内容は、弥勒が元気にしているか心配していること。


かの男と夫婦になり、お屋敷を下がったこと。


そして、『猫の主はお隣へ』という一文。



猫というのは、ロクの事だろう。


ロクの主は厳密には弥勒だが、言うならば鈴もそうといえる。


したがって、この猫の主は鈴の事。


お隣とは、隣国の同盟の事を言っているのだろう。


つまり、弥勒が旅立ってから、同盟が無事に成ったということと、鈴が人質として隣国へ入ったという事だ。


弥勒はその字を見て、じっと考えていた。


―――



歩くことのできない鈴は、慣れない土地での生活に困っていないだろうか。


預けられた場所でいやな目にあっていないだろうか。


夢にうなされていないだろうか。


また「足」代わりの者を雇っているのだろうか。


私が側にいないことを少しは不便に思ってくれているだろうか。


私がいたことを時には思い出してくれるだろうか。






気が張っていた時には気づかないふりをしていたが、鈴の元を去ってから後、鈴を思うと心配ばかりが胸に募る。

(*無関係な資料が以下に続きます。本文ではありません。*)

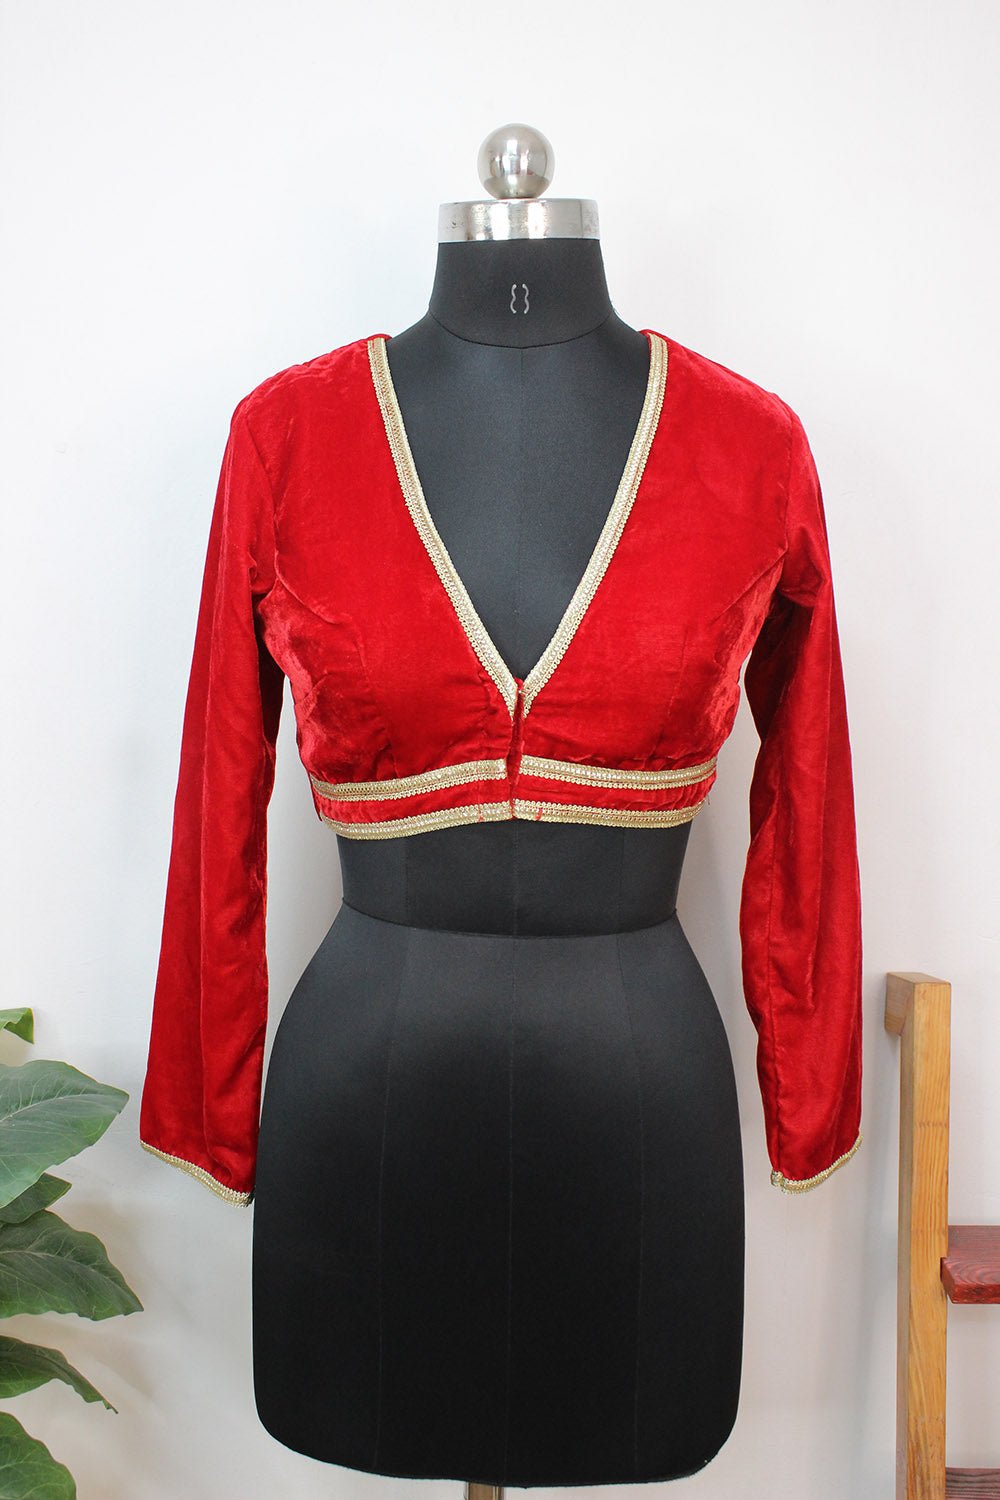 Stylish Red Velvet V-Neck Blouse: Full Sleeves & Trendy Design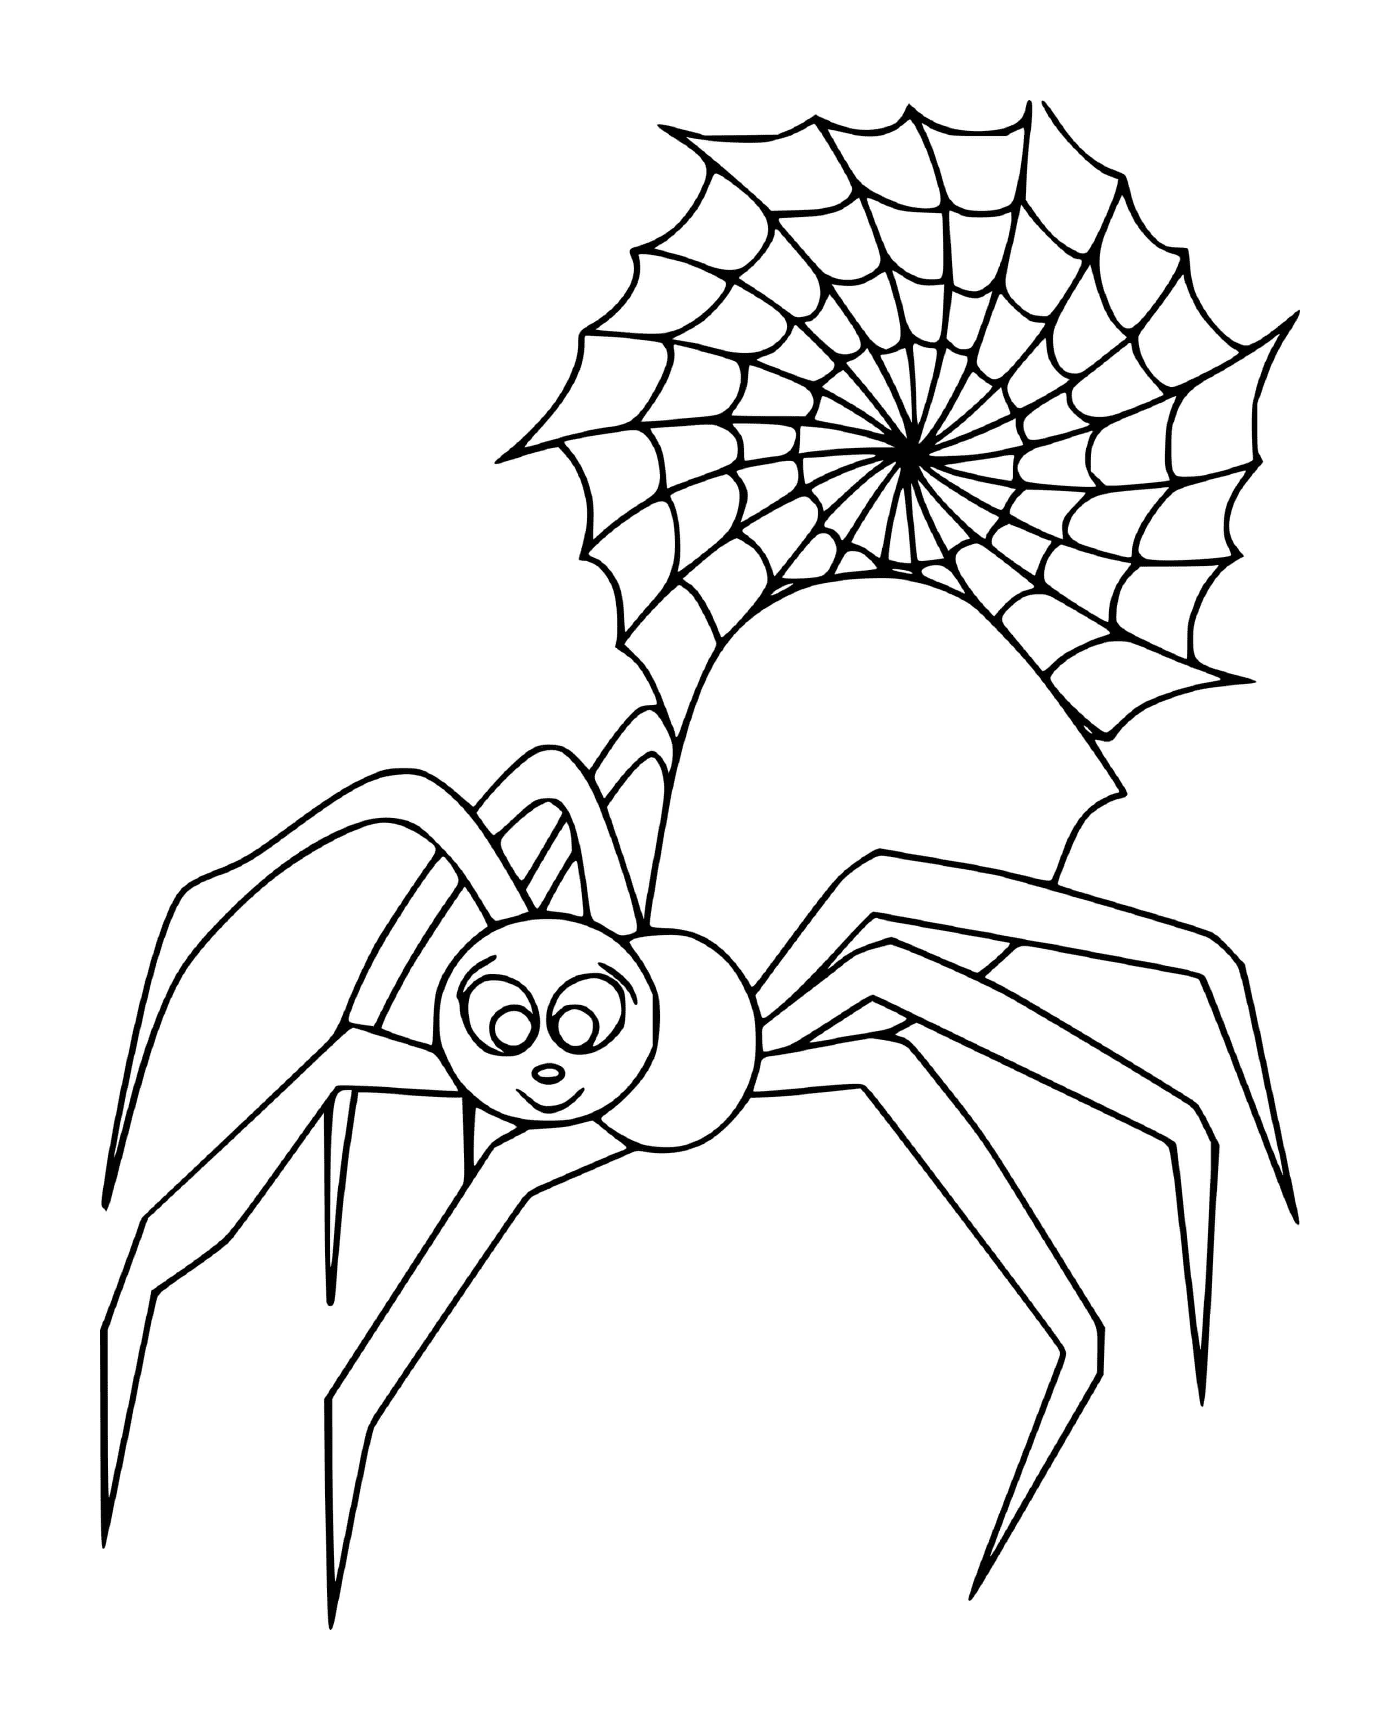  Eine riesige, niedliche Spinne

あの強い口調の主たる鈴ではなく、夢にうなされ不安げだった鈴がちらついてしかたがない。



小さな鈴。


華奢きゃしゃで軽い身体。


いつもまっすぐ物事を見るあの強い眼。


可愛らしい顔をして、じっとしていたらお人形のようなのに、鋭い洞察力に誰もが驚かされてばかりだった。


馬の扱いもなかなかのものだった。


笑うと、それこそ鈴が鳴るようなかわいらしい声で笑っていた。


いつまでも背負っていたかった。


どこまでも鈴が行きたいところへ連れて行ってあげたかった。


こんな自分の足で良ければ、いくらだって差し上げたのに。




いやだからこそ、今、自分はここにいて、自分のなすべきことをしなければならない。



鈴が鈴自身から自由になるために、その手伝いをしたいのだ。


だが、まだその「時」ではない。


まだ、やらなければならないこと、見なければならないことが、山積している。


もっと、力をつけなければ。






ドンっと背中になにかがぶつかった。


なんだかこんなことが前にもあったような・・・



「っっクロっ???」


懐かしいクロが、はっはっはっと嬉しそうに弥勒の周りをぐるぐる回った。


「どうやって・・・

あんな遠くからここまで・・・」



クロの頭を撫でていると、背後から、


「そりゃあ、私が連れてきたからでしょうねえ」


と懐かしい声がした。





そこに立っていたのは、春だった。